Programme du concert :
Kaija Saariaho, From the grammar of dreams (1988). Robert Pascal, Xi ling (2012). Jean-Baptiste Barrière, Ekstasis (2014). Pierre-Adrien Charpy, Vivante morte éblouie (2011). Kaija Saariaho, Lonh (1996).
Quatre compositeurs d’aujourd’hui étaient au programme du récital pour voix seule et électronique donné par la soprano Raphaële Kennedy le 12 mai 2015 à Marseille. Nous y étions et l’on va vous faire regretter de ne pas.
Le PIC (pôle instrumental contemporain) est à l’Estaque, ce “village” de Marseille qui n’a somme toute pas tant changé depuis Cézanne et Marquet, vieux quartier populaire et industrieux, encore que les usines, aujourd’hui… Ruelles étroites, stationnement en pagaille, les enfants et leur mère dehors, le dédale des traverses et des arrière-cours, le gros chien débonnaire et la vue sur la mer, en bas.
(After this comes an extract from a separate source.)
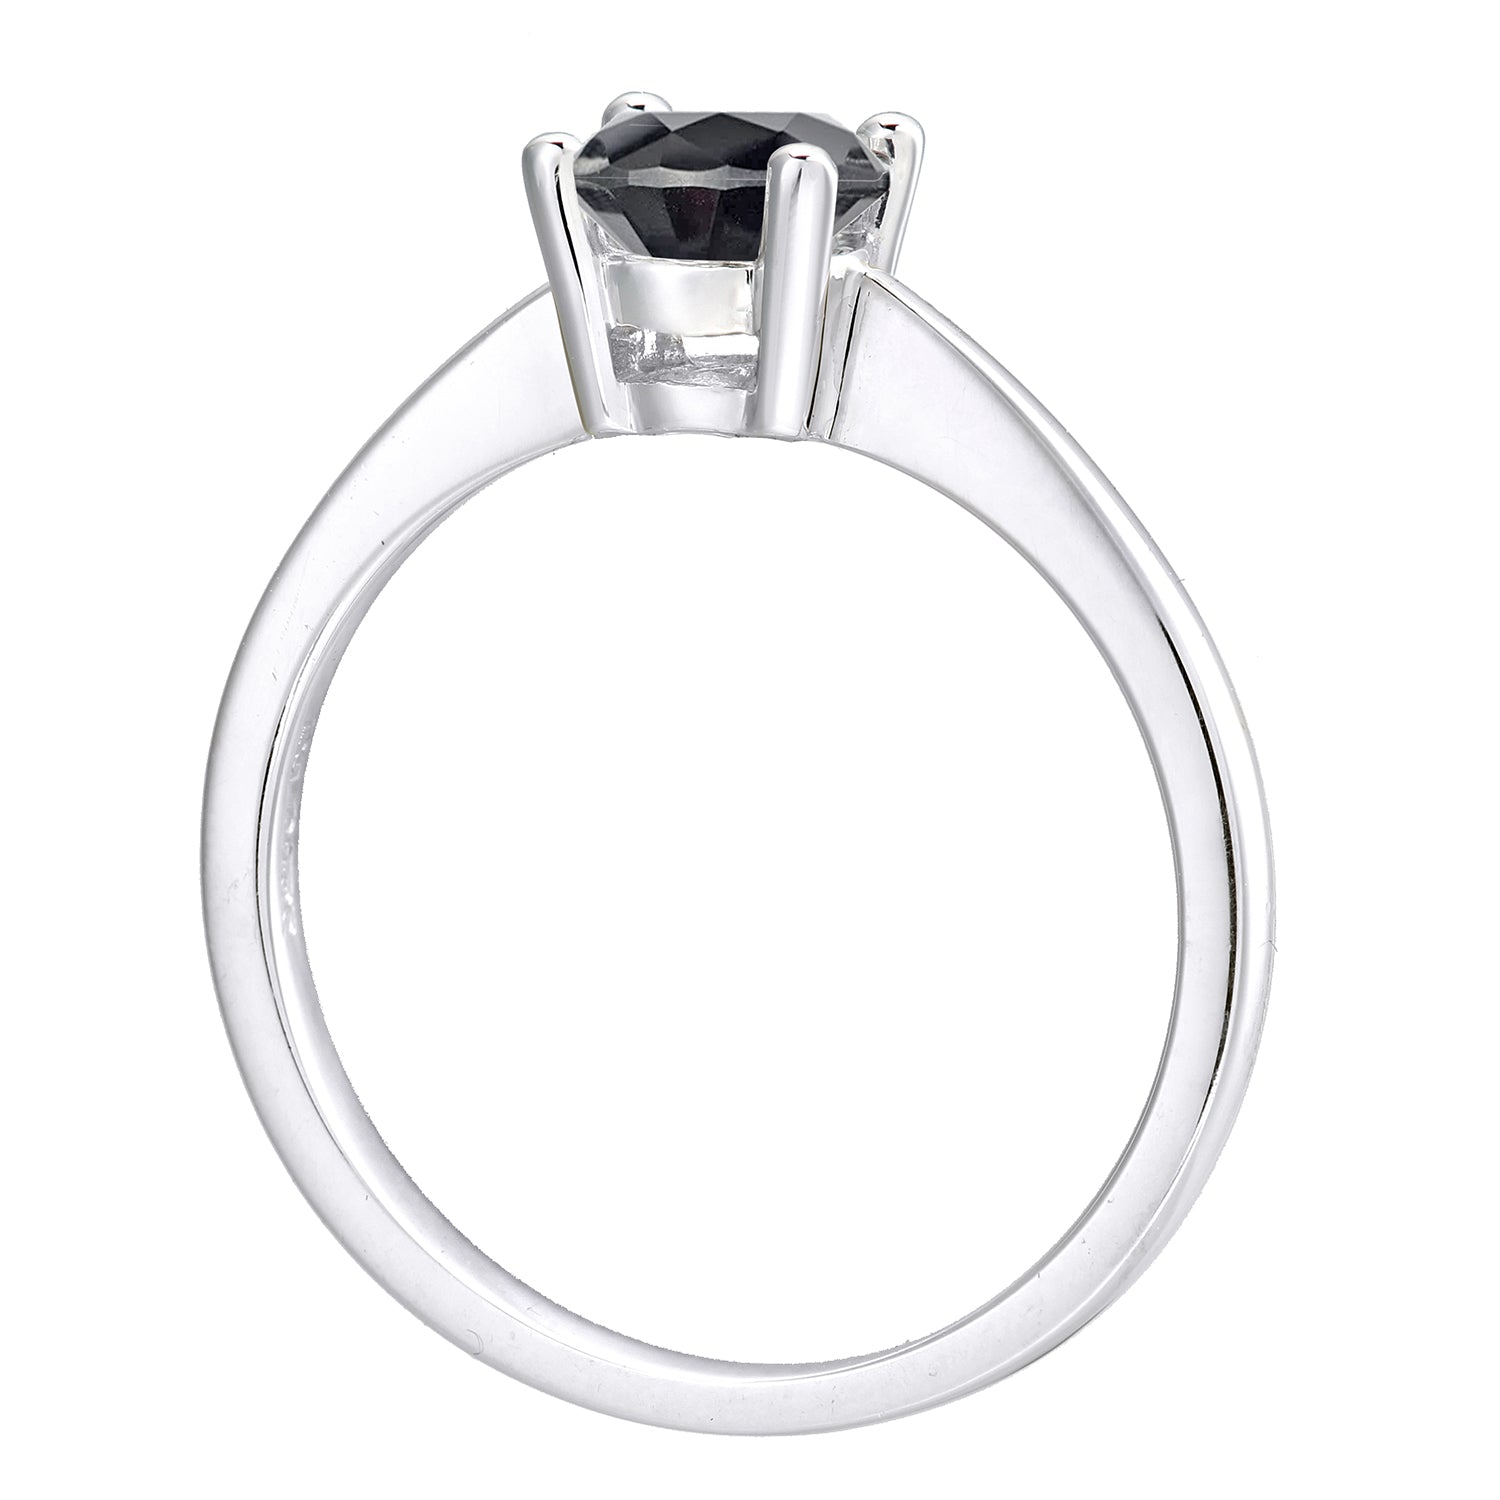 18ct White Gold  1ct Diamond 4 Claw Solitaire Engagement Ring - PR0AXL4689W18BLK

Cela vous a des airs de cliché, on dirait le Sud, le temps dure longtemps… Et c’est pourtant en haut de ce morceau de colline qu’on trouve le PIC – un espace de concert qu’on dirait improbable si le terme n’avait été tant usé. Et qui pourtant l’est, improbable, hors du circuit obligé de la musique contemporaine. Et mériterait sans doute qu’on y accorde plus d’attention : allez, une navette ou deux et la musique d’aujourd’hui – l’autre musique d’aujourd’hui – aurait un nouvel espace et de nouvelles oreilles à ensemencer.
Dedans, la salle de bois blond sent encore un peu la résine — ce qui convient assez naturellement aux compositeurs invités : l’une est finlandaise, les autres ont des accointances provençales, autant de pays complices des pins, sapins et mélèzes. Sur scène, campée droite dans cette pose qui est toute elle – les précieux d’autrefois parlaient de noblesse du port – Raphaële Kennedy est seule. A‑t-on seulement idée de combien une chanteuse est seule dans un pareil programme, malgré le plus considérable des orchestres, aux effectifs infinis, aux timbres sans limites ?
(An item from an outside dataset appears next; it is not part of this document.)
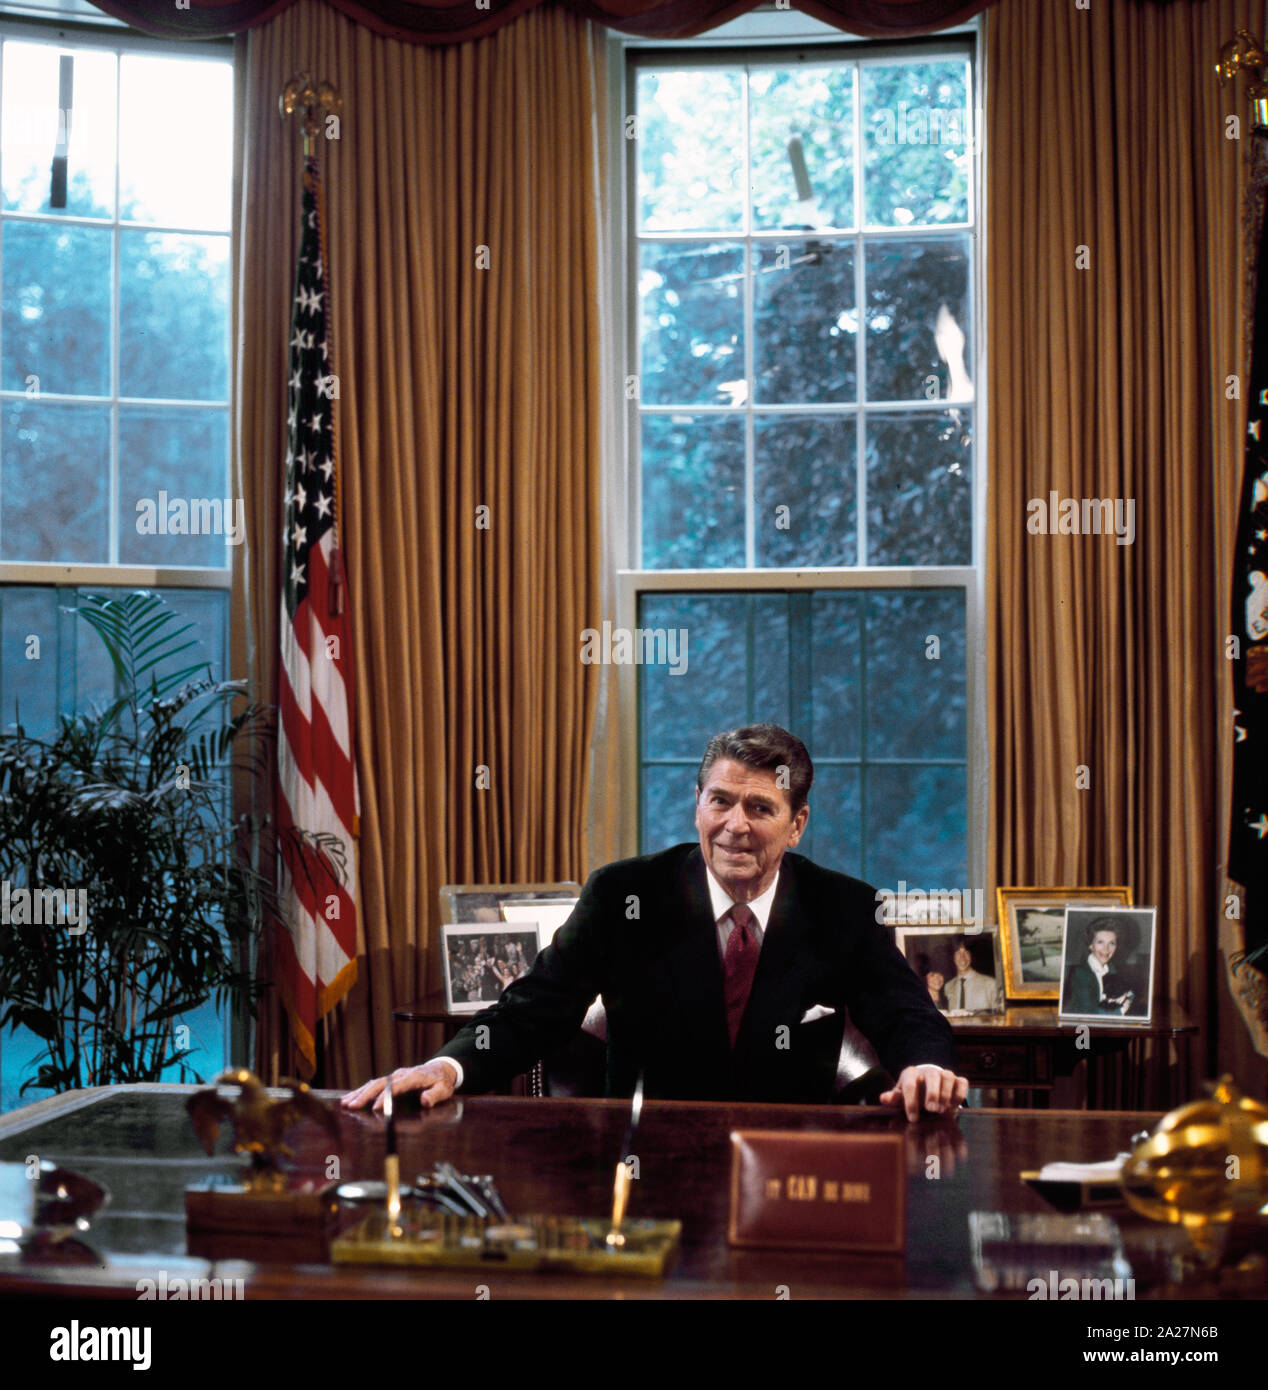 President Ronald Reagan at his desk in the Oval Office, Washington, D.C Stock Photo

Seule, indiscutablement, mais pas absolument. On ne veut pas seulement faire allusion aux deux compositeurs là-haut chargés de la diffusion sonore – et quand on dit là-haut, entendons-nous : le là-haut d’ici-bas, la console au sommet des gradins… On ne veut pas non plus parler de celle qui, usant de sa caméra comme d’une lanterne magique à faire lever les spectres, enrichira d’incrustations une grande partie des images projetées sur écran durant le concert. Et moins encore de nous, public ; encore que la solitude de l’artiste sur scène n’est, semble-t-il, pas exactement celle que l’on croit quand nous lui faisons face : son chant s’y appuie et nous réverbère. Non, il s’agit surtout de l’unicité relative de la voix passée par “le traitement électronique en temps réel”. L’expression, inélégante, sent encore un peu son geek, mais ne signifie pourtant rien de plus ésotérique qu’une façon nouvelle d’ouvrir et de peupler les espaces musicaux qui se creusent autour de la voix. Voix doublée, redoublée, prise dans l’écho, accompagnée, suivie, anticipée ou rattrapée par ces voix autres qui nous habitent sans qu’on en soit réellement conscient jusqu’à ce qu’un compositeur, justement, les révèle.